# Fire Pigeon



## Wayne Johnson (Oct 1, 2010)

I just read a passage on fancy pigeons from 1880. The article described the Fire Pigeon as all black with intense irridescence. In direct sunlight it looked bronze. It was rare and perhaps already gone then. I sounds like an archangel on black. The only things that were not irridescent were the flights and tail. I wonder how to get the breed back?


----------



## honeyrobber (Apr 28, 2011)

Like so many lost breeds whether animal or plant we can never get them back. We can by their set standards breed a new breed to try and replace it. That is why if we get a new breed that really has merit we should try and keep it in the hobby. I also keep killifish. One type that I used to raise before the divorce is extinct in the wild due to a marsh being drained to put up a shopping mall. The good news it is still in the hobby so when I am ready I can get this wonderful fish again.


----------



## wolverine (Jul 29, 2009)

which killifish are you talking about?


----------



## honeyrobber (Apr 28, 2011)

wolverine said:


> which killifish are you talking about?


I do not have my list in front of me but it is a South American annual. Simp. something. I currently have chocolate australes. Just starting to get back into them after the divorce(3 1/2 years ago). The crazy woman made me sell all my fish and give her half the money. I have to get back in my house on the mountain top before I can really get back into them. Mom has little room for tanks and Dad will not allow them(he pitch a fit when I did a water change and splashed water on the floor and wiped it up with a towel). I got daphnia and dero worms this week to start my live food cultures.


----------



## Wayne Johnson (Oct 1, 2010)

good luck with the dero worms. I have tried three times to raise them. Poly culture is the key, but the daphnia die very easily. The key seems to have a seperate culture of greenwater to add to the daphnia. Is there a forum for us to talk fish?


----------



## copper (Aug 25, 2010)

Wayne ,there are many forums to talk about Tropical fish ,it all depends on the species of fish .


----------



## george simon (Feb 28, 2006)

Wayne Johnson said:


> I just read a passage on fancy pigeons from 1880. The article described the Fire Pigeon as all black with intense irridescence. In direct sunlight it looked bronze. It was rare and perhaps already gone then. I sounds like an archangel on black. The only things that were not irridescent were the flights and tail. I wonder how to get the breed back?
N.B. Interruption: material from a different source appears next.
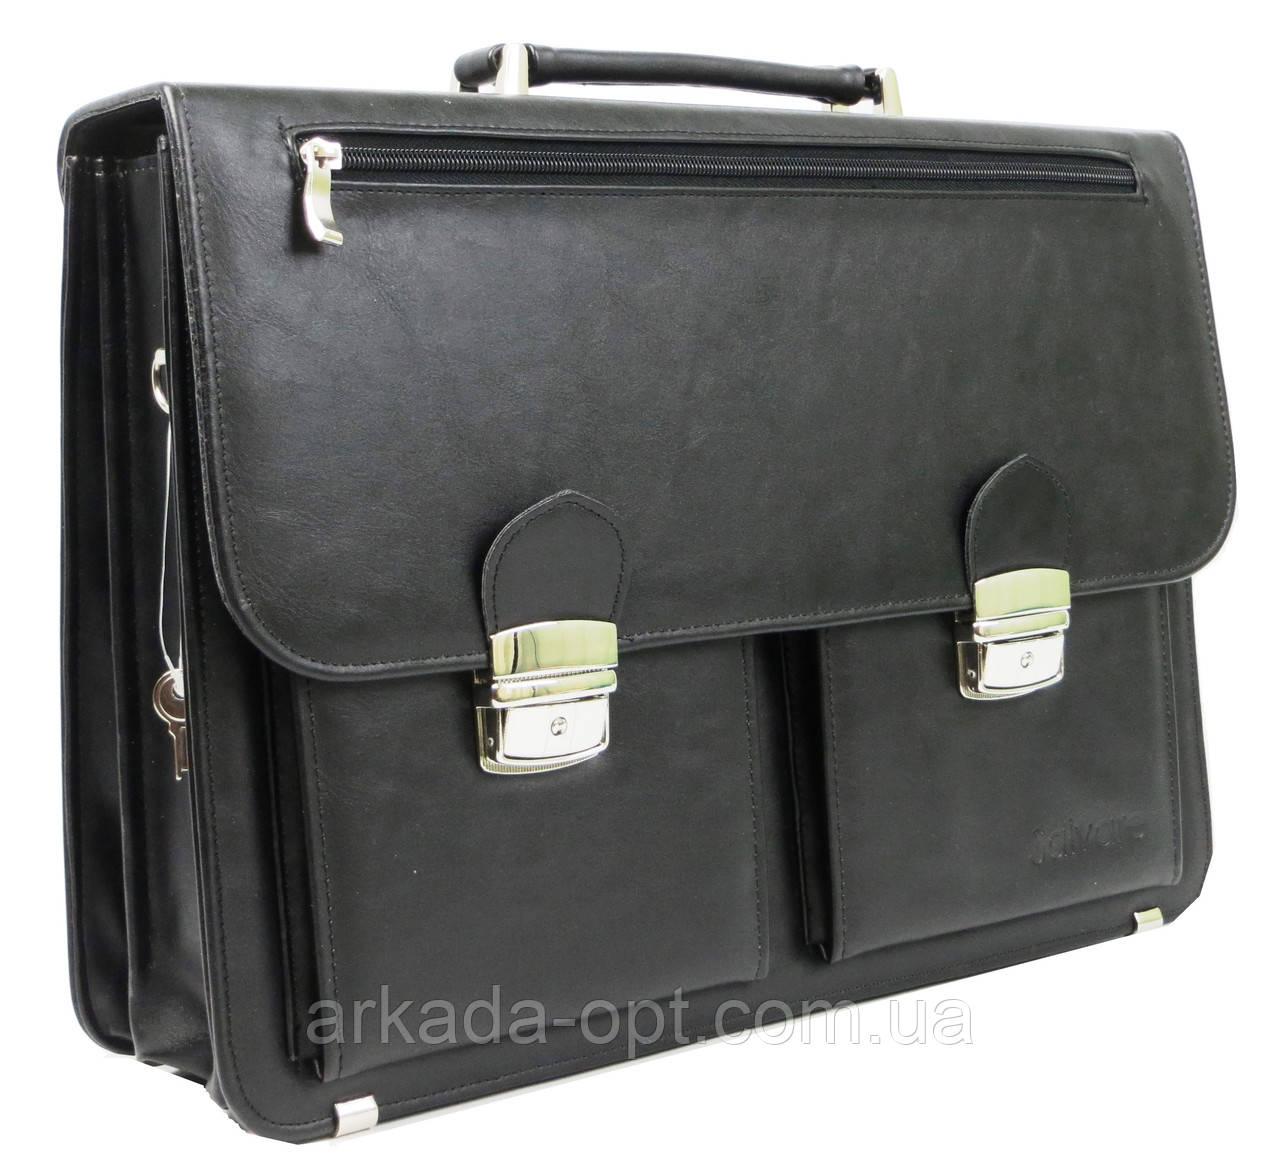 Деловой портфель из искусственной кожи Salvare Чёрный (N01A1 black)

*In the Encyclopedia of Pigeon Breeds by Wendell M. Levi on page 754. There is a bird called the South German White Tail here is what Levi said "Origin: South Germany. Schachtzabel (1910) has a color plate showing it in six colors.No author noted gives the approximate date of origin.It was described in English literature around 1875 under the name of Fire Pigeon.Two "German Bronze-Wings" were exhibited at a New York City show in 1874. The bronze variety is called"Fireback"in the United States". I would think that it is a rare bird in the USA, but there still might be some people in Germany that are breeding this bird. The bird pictured in the book was breed by a man in Switzerland.* GEORGE


----------